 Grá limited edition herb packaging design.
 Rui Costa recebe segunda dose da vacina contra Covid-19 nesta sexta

# # #

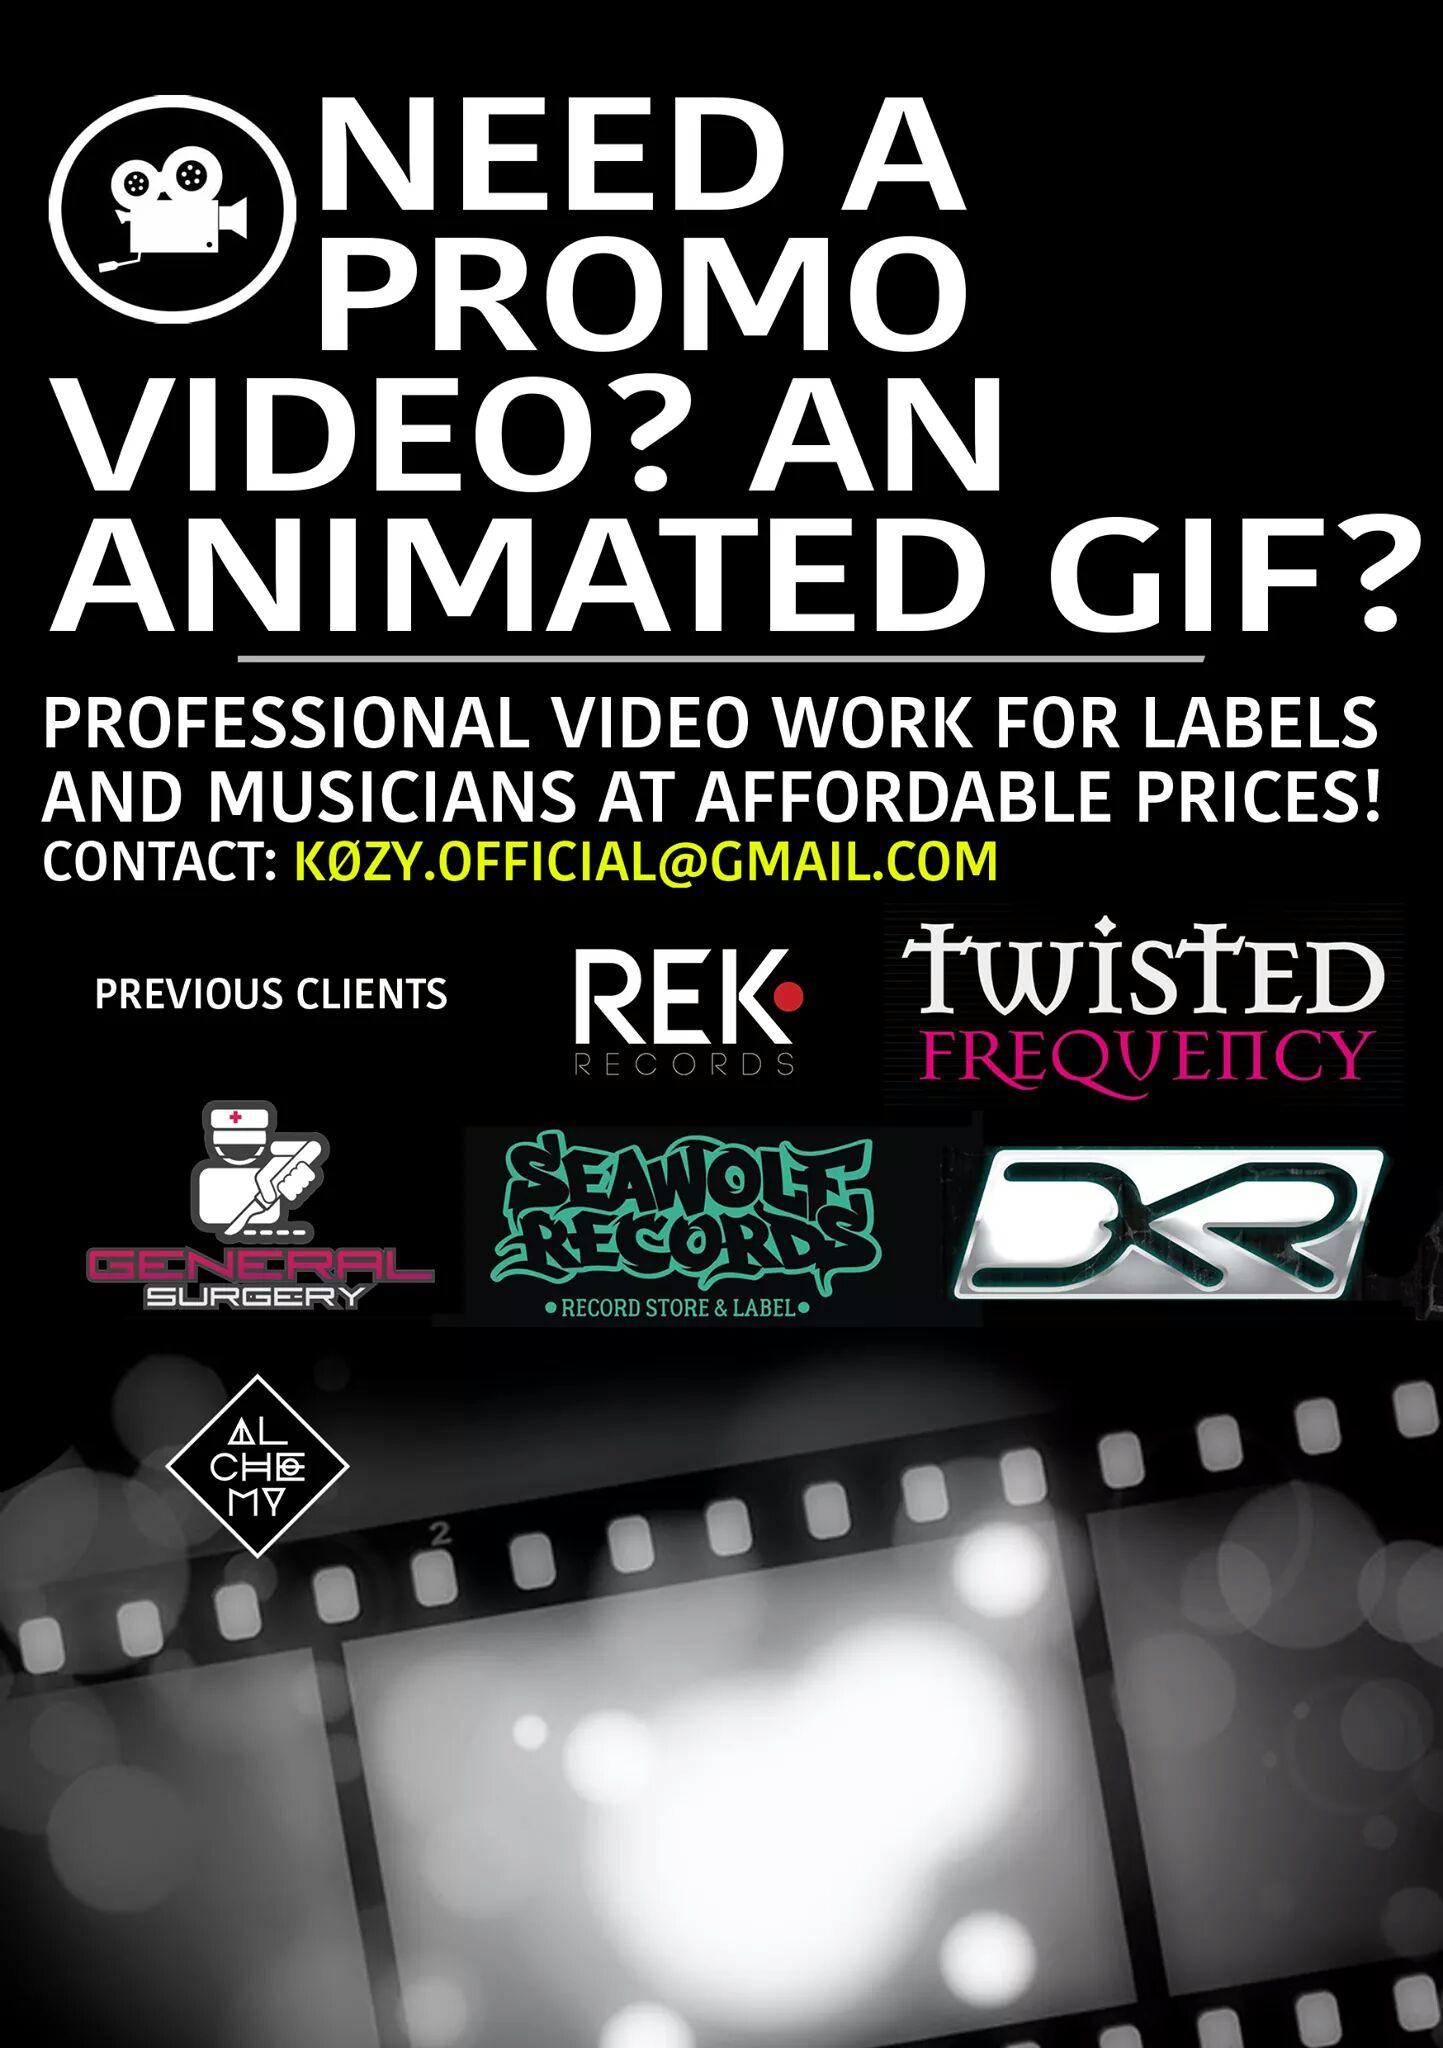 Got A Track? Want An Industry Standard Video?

# # #

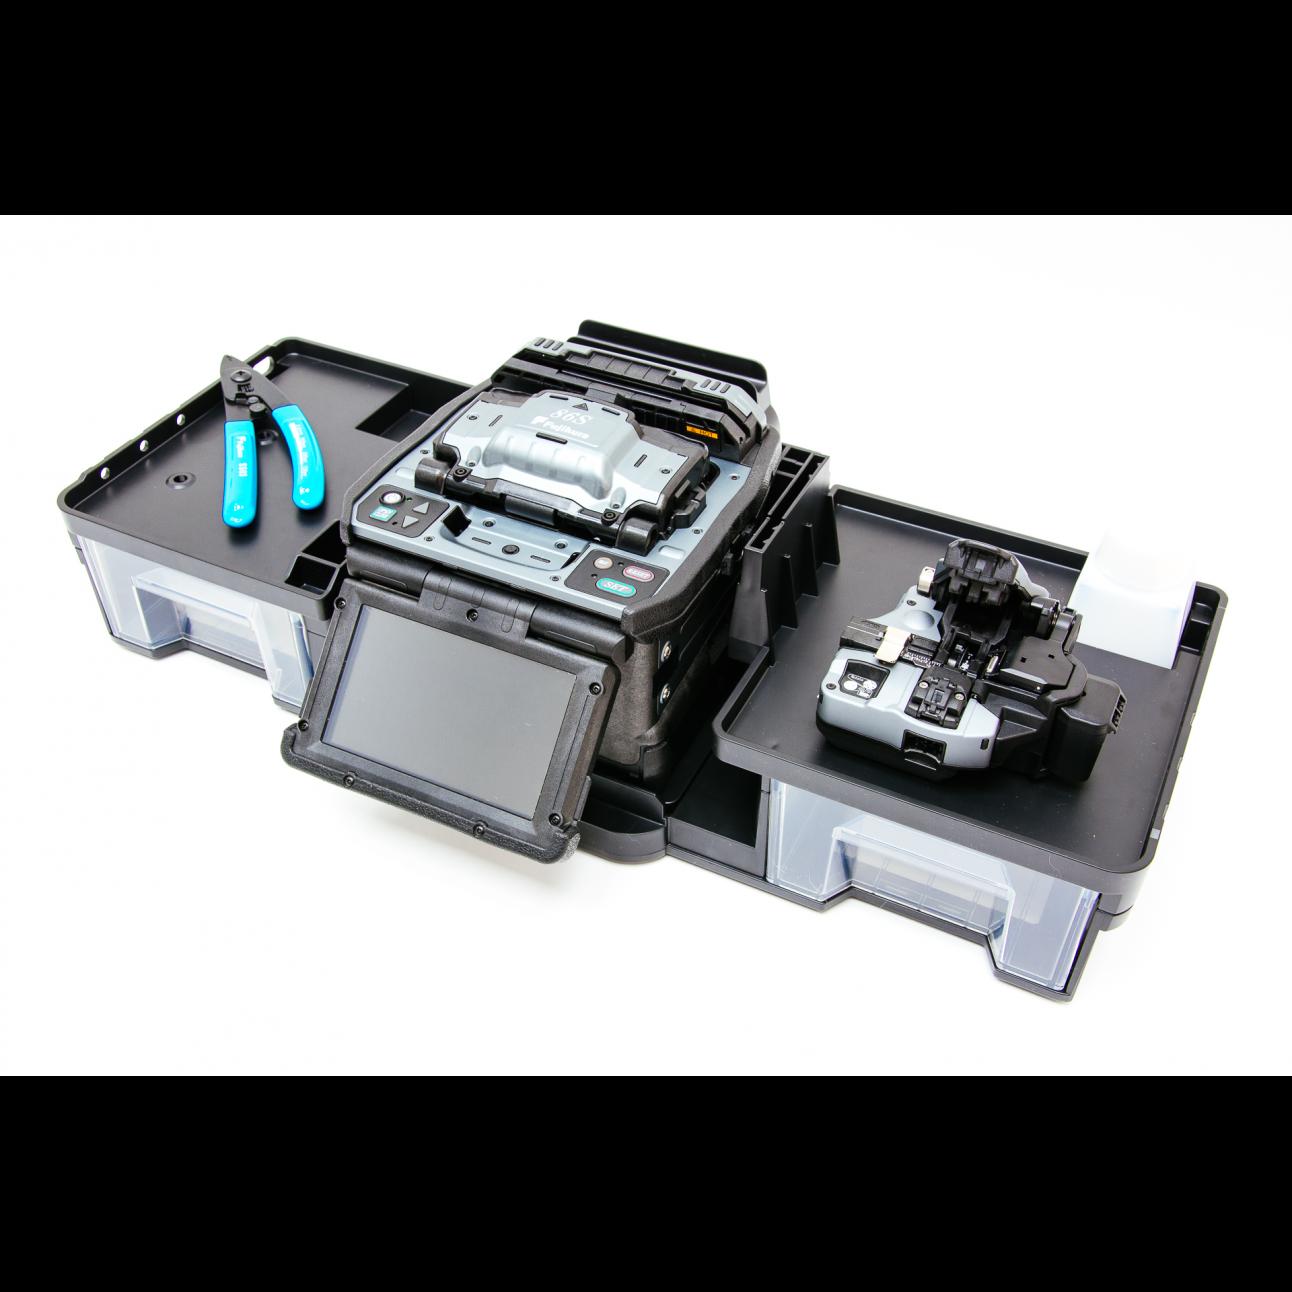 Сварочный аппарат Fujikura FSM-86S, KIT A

# # #

#### Task description
Would you please write out, exactly and with no other lines, the stretch of the listing above from the line containing "Grá limited edition herb packaging design." through the line containing "Rui Costa recebe"?

#### Expected answer
 Grá limited edition herb packaging design.
 Rui Costa recebe segunda dose da vacina contra Covid-19 nesta sexta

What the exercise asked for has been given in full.